# Pigeon found in South Central Florida- West Palm Beach origin



## Skyeking (Jan 17, 2003)

FYI,

I picked up a homing/racing pigeon yesterday when I got a phone call from a couple who's yard she has been living in for the past four days. They caught it and called me to come and get it. I just happened to be listed as rehabber at her dogs vet office.

Her band # is AU 2007 WPBI 680. 

I tried to call the phone number that was listed on the AU pigeon link from the racing club abbreviation listed on her band-but it is no longer in service, and also sent e-mail to the e-mail address listed, with no response, not yet-anyway. I have also listed it on 911 pigeon alert as well.

The bird has a sharp keel but is eating like there is no tomorrow. Other then the obvious there doesn't seem to be any other health issue. Hopefully she will gain the weight that she has lost-as she has really pooped up a storm-and it looks okay. She is a bit more feisty then she was yesterday. 

She had a garlic cap, a drop of colloidal silver, a drop of Neem oil and I will give her a probiotic cap another day.

If this is your bird, or you know who the bird belongs to, please e-mail me, or private message me. 

Thank you.


----------



## philodice (Sep 30, 2007)

Good for you!

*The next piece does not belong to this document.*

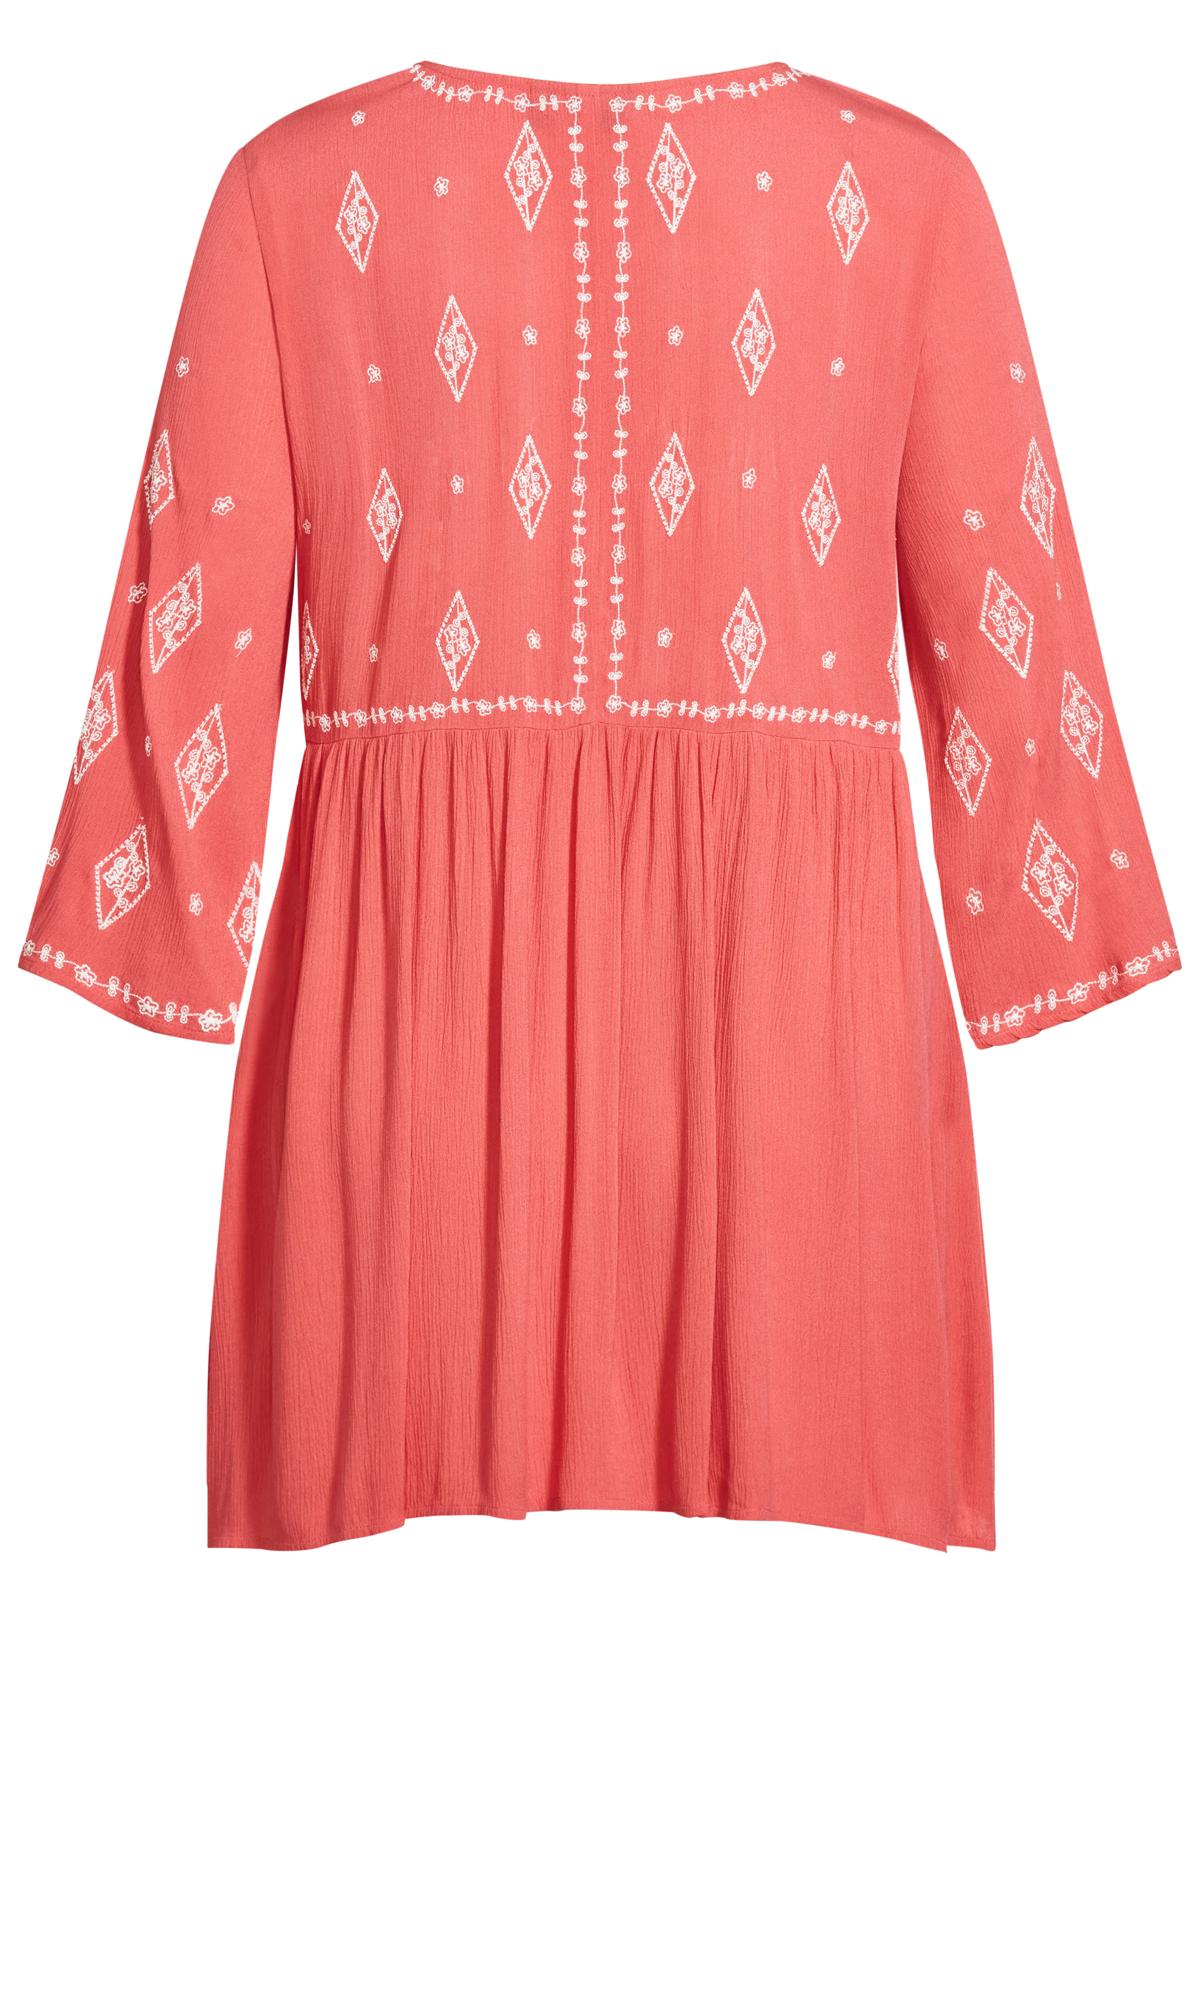 Evans Pink & White Floral Embroided Tunic Top | Evans

I hope she enjoys her stay at your 'resort'.


----------



## TAWhatley (Mar 6, 2001)

Thanks for taking the bird in, Treesa. I'll see if I can get a contact for that club.

Terry


----------



## Grim (Jul 28, 2007)

What color is she?


----------



## Skyeking (Jan 17, 2003)

philodice said:


> Good for you! I hope she enjoys her stay at your 'resort'.


*Thanks, Philodice.*




TAWhatley said:


> Thanks for taking the bird in, Treesa. I'll see if I can get a contact for that club.
> Terry


*I appreciate that, she can stay here until her home is found.*




Grim said:


> What color is she?


*You would have been my first choice, if her home could not be located, and if she was white, but she is a darling little blue bar.*


----------



## Grim (Jul 28, 2007)

I like blue bars. But ya know


----------



## Grim (Jul 28, 2007)

I will have to take a look at her Tuesday.


----------